Josh Wright —  22 July 2009

There has been a lot of talk recently about the possibility that lax antitrust gave rise to the financial crisis or that antitrust could be used as a proactive weapon to prevent mergers and acquisitions that would create entities “too big to fail.”    George Priest recently took AAG Varney to task for suggesting that there was a consensus amongst economists that lax antitrust contributed to the current financial situation.  Simon Johnson has been pushing the idea that antitrust is an appropriate tool for dealing with the type of financial risk imposed by businesses that become so large that their failure would cause substantial damage throughout the economy.  The idea might be catching on.  Frank Pasquale recently cited to Johnson’s work favorably.  The idea has also been favorably cited by Commissioner Rosch.

FWIW, I’m skeptical about the utility of introducing “too big to fail” as an antitrust concept.  Antitrust has come a long way since its economically unprincipled approach several decades ago to its current state.  It has done so largely by staying relatively hinged to microeconomics.  This approach has done antitrust well as evidenced by the evolution of the doctrine over the past 30 or so years.  We now have a substantial body of economic theory and empirical evidence that tells us quite a bit about sensible approaches to at least cartel and merger enforcement that are likely to help rather than harm consumers on net.  Injecting “too big to fail” as an antitrust concept whether under the Clayton Act or otherwise is not a minor tweak to the system.  Too big to fail is not an antitrust concept and attempts to operationalize it within the antitrust framework are likely to cause more harm than good by undermining the progress that has been made by sticking to a disciplined economic approach.  As I commented for a related story in The Deal, and consistent with some of my own research on economic education and complexity in antitrust cases,  “Consumer welfare is complicated enough” for judges and enforcement agencies as is.  But the threat is not just increasing the risk of errors associated with introducing this factor into the antitrust calculus, but also allowing it to substitute for and gradually subsume the economic approach which has served us well.

Obviously, the types of social costs associated with the risks of firms becoming “too big to fail” are real.  The argument is simply that antitrust is an inappropriate vehicle for addressing those problems and its use here would introduce problems of its own that I have not frequently seen discussed in this context.

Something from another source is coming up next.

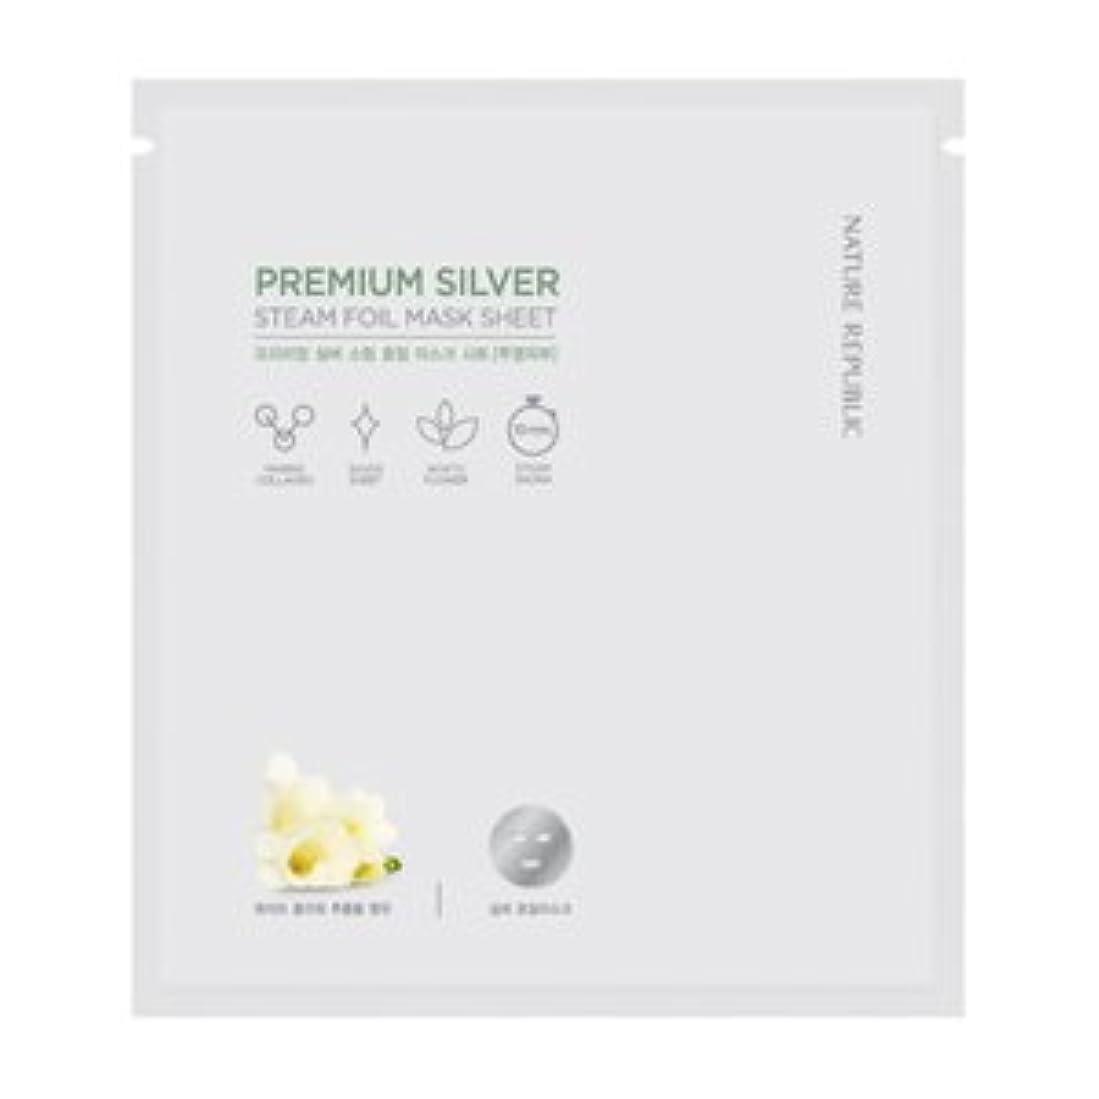 オンスアダルト干渉Nature Republic Premium silver Steam Foil Mask Sheet [5ea] ネーチャーリパブリック プレミアムシルバースチームホイルマスクシート [5枚] [並行輸入品]

6 responses to Too Big To Fail as an Antitrust Concept


    I’m not sure why you write “certainly.” To the contrary, the adoption of economics into antitrust over the last 30 years (and the increase in knowledge in antitrust economics generally) has been a wonderful development.

    One should not conflate failures in macroeconomics or to explain the current financial crisis with a general failure of all economic disciplines. An objective evaluation of the track record of antitrust economics over a 30-40 year span, I think, would show dramatic advances and (while not without its problems!) some cause for optimism as well.


    Certainly the last 30 years of economic theory haven’t given us much to be optimistic about.


    The critique is not that systemic risk is not a real phenomenon, or even that it might not be created by particular mergers and acquisitions. Its that we don’t know it when we see it, and whatever it is, don’t have a theory of it than can be operationalized and injected into antitrust without undermining much the progress of the last 30 years in developing a coherent economic approach.


    I agree if “too big too fail” means what it sounds like it means — i.e., that it was the scale of the institutions itself that posed the threat to the system.

    But if “too big too fail” refers more generally to the creation of systemic risk, then I think there is a more interesting argument. Highly correlated decisionmaking seems to have been at least part of the cause for the dramatic increase in volatility and rapid unwind.